June 12, 2026

Waiver of Objection

In law, phrases can be similar but nonetheless distinct. For example, in the probate context, Letters of Administration can be issued as well as Letters of Special Administration. The former typically permits a person to administer an estate with general powers. The latter permits a person to administer an estate with limited powers. Therefore both grant the ability to administer an estate albeit to a different degree.

The uniqueness of legal terminology can ensnare the unsuspecting litigant. A recent unpublished appellate opinion involved a litigant who erroneously thought they had properly objected when in fact they had not.   

"Sister filed an ex parte application seeking suspension of Brother's trustee powers in February 2024, though the application itself is not in the record. Brother opposed the ex parte, arguing his parents did not want the house to be sold, that he needed to live in the home to care for the parties' disabled sister (not a party to this case),[2] that the underlying settlement should be set aside, that Sister violated the settlement agreement, and that there was no emergency justifying ex parte relief. The trial court granted the application and suspended Brother's cotrustee powers.

At a May 2024 initial hearing on the petition, the trial court noted no written objections to the petition had yet been filed and warned Brother that 'if he fail[ed] to serve and file a timely objection or response by 08/01/2024, the Court may deem such objection or response waived.' The court continued the hearing for nearly three months.

At the August 2024 hearing, the trial court found Brother failed to file a written objection. The court told the parties it had previously set a deadline for written objections and had not received a written objection. Brother asked for a continuance, explaining he believed he had filed objections in the body of a separate petition he had previously filed against Sister, describing it as "excusable neglect" on his part. He denied understanding that there was a deadline for the filing of written objections. The trial court then placed Brother under oath and asked him why he did not file timely written objections. Brother responded that he was overwhelmed by his various responsibilities relating to the trust and the parties' disabled sister. The trial court found there was no mistake, inadvertence, surprise, or excusable neglect, and deemed the objections waived.

Accordingly, the trial court granted Sister's petition, removed Brother as cotrustee of the trust, permitted Sister to evict any remaining occupants of the parents' former home, and awarded attorney fees to Sister in an amount to be determined." 

On appeal, the appellate court upheld the trial court's ruling finding that objecting to an ex parte application does not constitute an objection to the underlying petition. 

Brown v.
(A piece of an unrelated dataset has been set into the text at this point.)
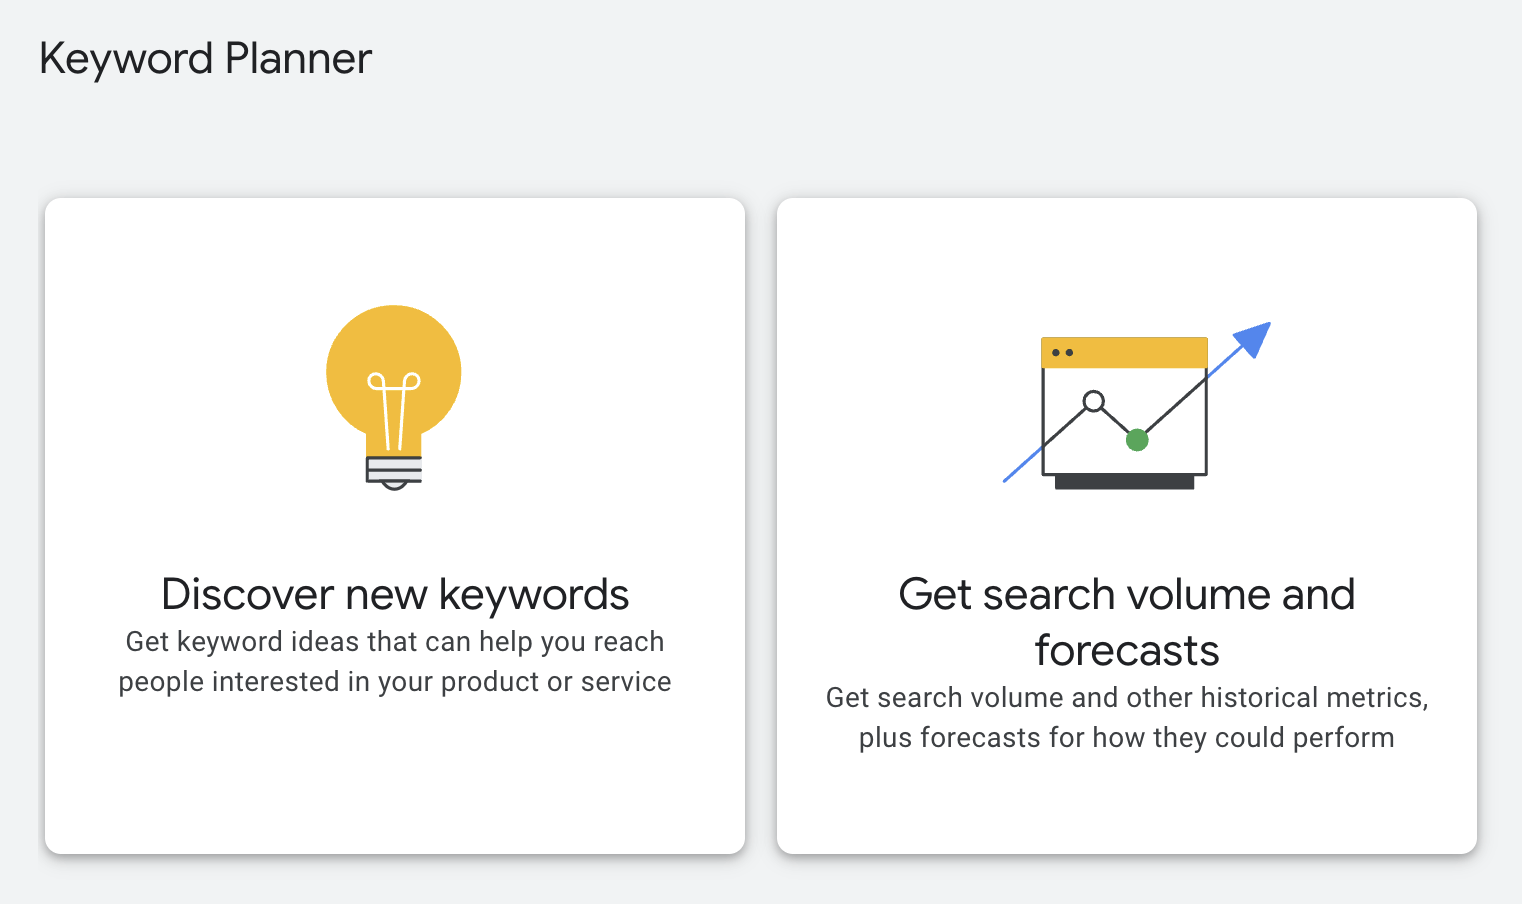 Keyword Planner has two options: discover new keywords, or get search volume and forecasts

Mansueto, San Diego County Superior Court case no. 37-2008-00152252

May 6, 2026

Adoptive Child and Probate

Probate Code §6451 provides that

(a) An adoption severs the relationship of parent and child between an adopted person and a natural parent of the adopted person unless both of the following requirements are satisfied:

(1) The natural parent and the adopted person lived together at any time as parent and child, or the natural parent was married to or cohabiting with the other natural parent at the time the person was conceived and died before the person’s birth.
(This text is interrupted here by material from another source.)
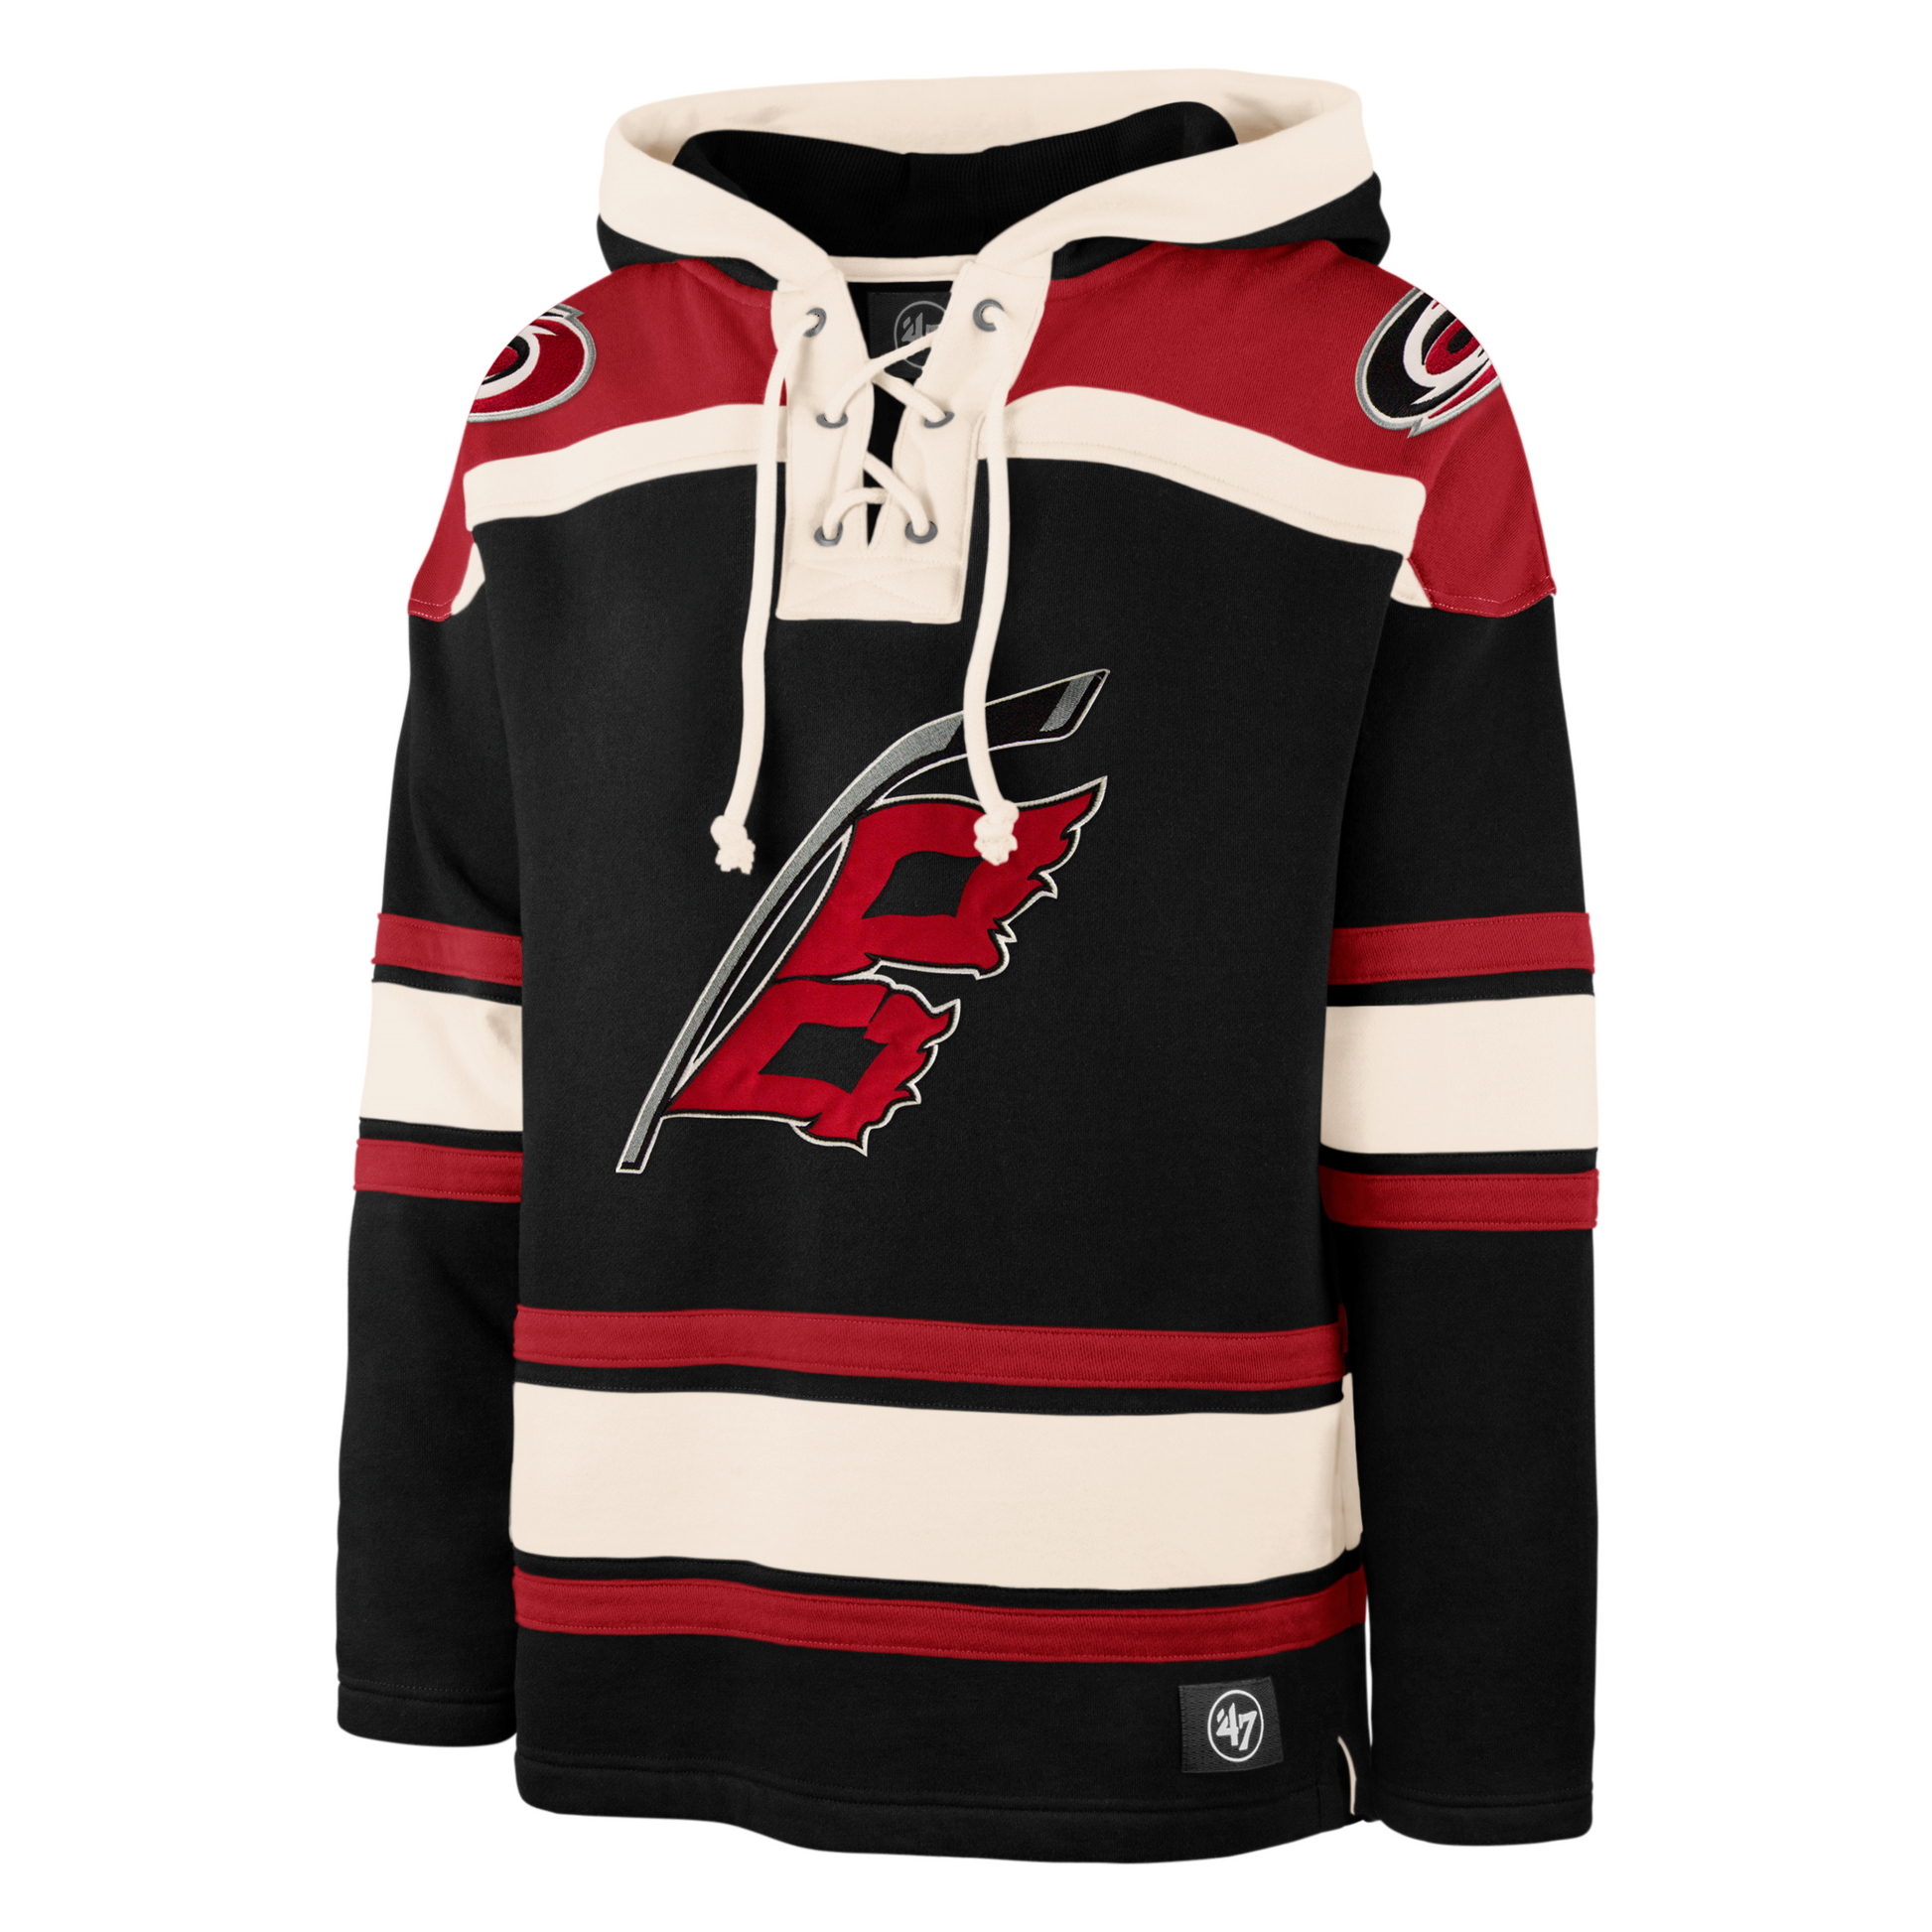 Front: Black red and white lacer hoodie with Flag logo on front, primary logo on shoulders

(2) The adoption was by the spouse of either of the natural parents or after the death of either of the natural parents.

In the case of inheritance, adoption can play the deciding factor if an individual inherits from an estate or not. A recent unpublished appellate decision was centered on the adoption of a decedent in 1923 and the inheritance rights of a niece.

"Decedent was born in Florida in September 1923. His mother died when he was about eight days old. Around November 1923, Decedent was adopted by J.B. Morrow and Edna Morrow.  Decedent died intestate in California in 2017. He was survived by his spouse who subsequently passed away in 2020. In 2021, Respondent Debbra Tauber was appointed administrator of Decedent's estate."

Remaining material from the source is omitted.